As terrestrial robots line up at the Harvard Stadium, and unmanned aerial vehicles — drones, in common parlance — bob and weave faster than a quarterback on the run, experts will narrate the potential real-life applications of the technologies, touching on the policy, regulatory, and societal challenges that may arise in the wake of their introduction to a widespread market. Search and rescue and agriculture are just two everyday activities that could be dramatically transformed in the near future by the use of robotics. But the sky is the limit, perhaps literally.

A down-to-earth look at the potential and pitfalls of technology will come during a candid conversation between Harvard alumnus and Sony CEO Michael Lynton and Harvard Business Review Editor-in-Chief Adi Ignatius in “Sony After the Hack: Lessons in Leadership,” an exploration into the topic of cybersecurity and its role in the workplace.

“[Lynton] and others contend that Sony had as good protection as you could get,” said Ignatius. “I want to press him on that; I think every company should press itself on that. Is it possible to be impregnable, and, if not, what do you do? We’re all pretty concerned about our systems and whether they’re adequate, and this is a way to get into that.”

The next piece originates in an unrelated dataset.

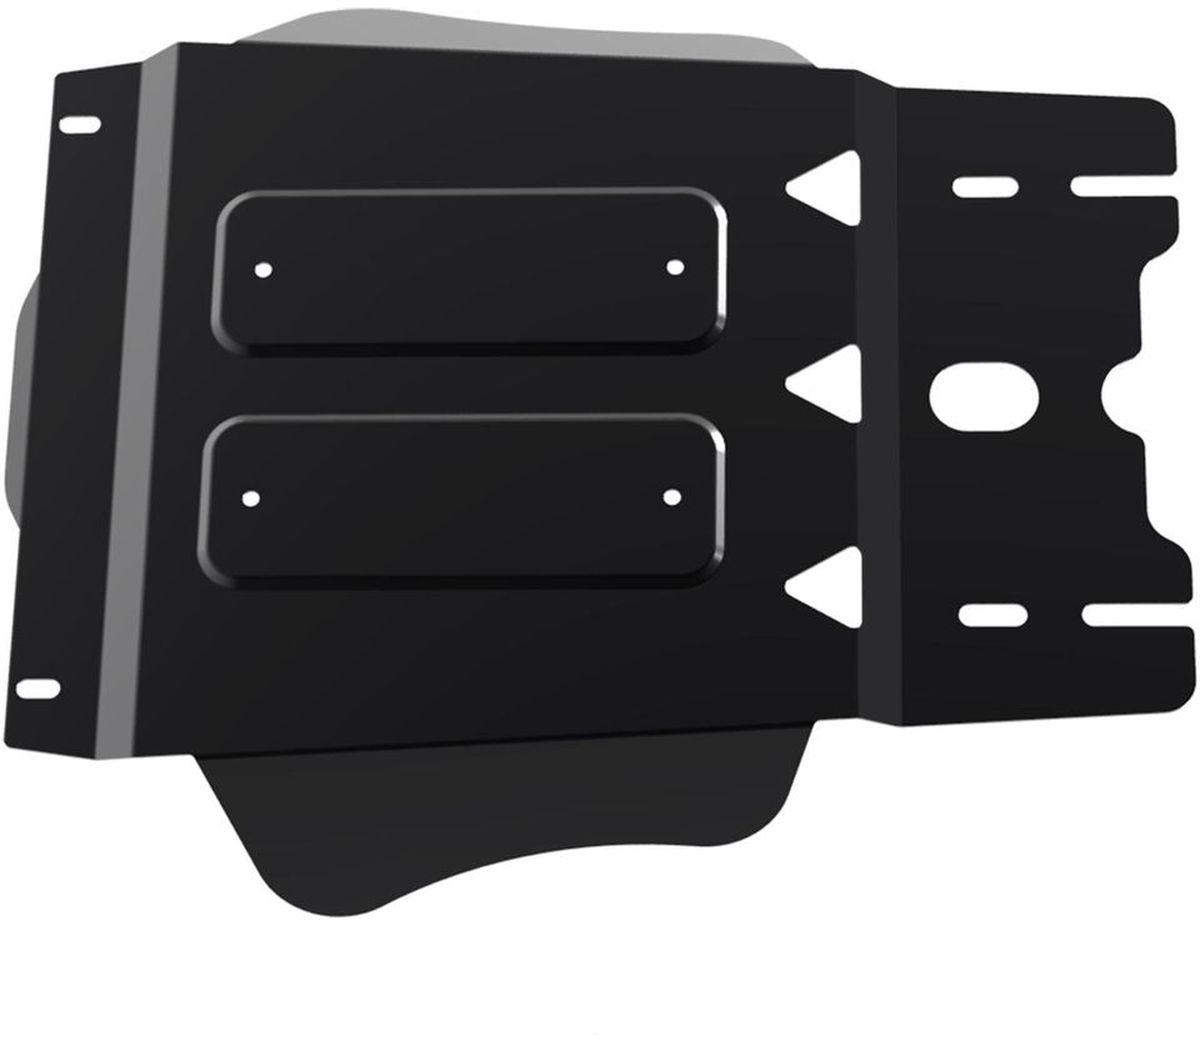 Защита КПП Автоброня Volkswagen Touareg 2006-2010, сталь 2 мм111.05802.1Защита КПП Автоброня Volkswagen Touareg, V- 2,5; 3,0; 3,6; 4,2; 6,0 2006-2010, сталь 2 мм, комплект крепежа, 111.05802.1Дополнительно можно приобрести другие защитные элементы из комплекта: защита картера - 111.05801.1, защита РК - 111.05803.1Стальные защиты Автоброня надежно защищают ваш автомобиль от повреждений при наезде на бордюры, выступающие канализационные люки, кромки поврежденного асфальта или при ремонте дорог, не говоря уже о загородных дорогах.- Имеют оптимальное соотношение цена-качество.- Спроектированы с учетом особенностей автомобиля, что делает установку удобной.- Защита устанавливается в штатные места кузова автомобиля.- Является надежной защитой для важных элементов на протяжении долгих лет.- Глубокий штамп дополнительно усиливает конструкцию защиты.- Подштамповка в местах крепления защищает крепеж от срезания.- Технологические отверстия там, где они необходимы для смены масла и слива воды, оборудованные заглушками, закрепленными на защите.Толщина стали 2 мм.В комплекте крепеж и инструкция по установке.Уважаемые клиенты!Обращаем ваше внимание на тот факт, что защита имеет форму, соответствующую модели данного автомобиля. Наличие глубокого штампа и лючков для смены фильтров/масла предусмотрено не на всех защитах. Фото служит для визуального восприятия товара.

Harvard will host programming for curious learners, including those of smaller stature. During one of five events in Allston, the Harvard Ed Portal will be transformed into a pop-up ideas laboratory for kids when educators and researchers from the Harvard Graduate School of Education (HGSE), MIT Media Lab’s Lifelong Kindergarten Group, the Cambridge Public Schools, and the Lesley University Makerspace put on a “no holds barred” experimental makerspace. (A “makerspace” is a location where people can gather to share resources and knowledge to create, invent, tinker, explore, and discover, using a variety of tools and materials.)

“The idea is really seeing the entire world around you as something you can ‘make’ with,” explained HGSE Assistant Professor Karen Brennan, who spearheaded the effort behind the makerspace. Pairing playful imaginations with technologies such as Makey Makey, littleBits, and Circuit Stickers along with everyday materials such as Legos, learners of all ages can delve or dabble according to their desires, mirroring the idea and design of HUBweek as a whole.

“For me, Boston is such a passion-driven city, and the best learning takes place when it’s passion-driven. So I think to have a week that’s dedicated to that and really celebrates it, and really celebrates the diversity of people’s passions and interests. I can’t imagine a better place, in many ways,” said Brennan, although she admitted, “I’m a little biased, I love Boston.”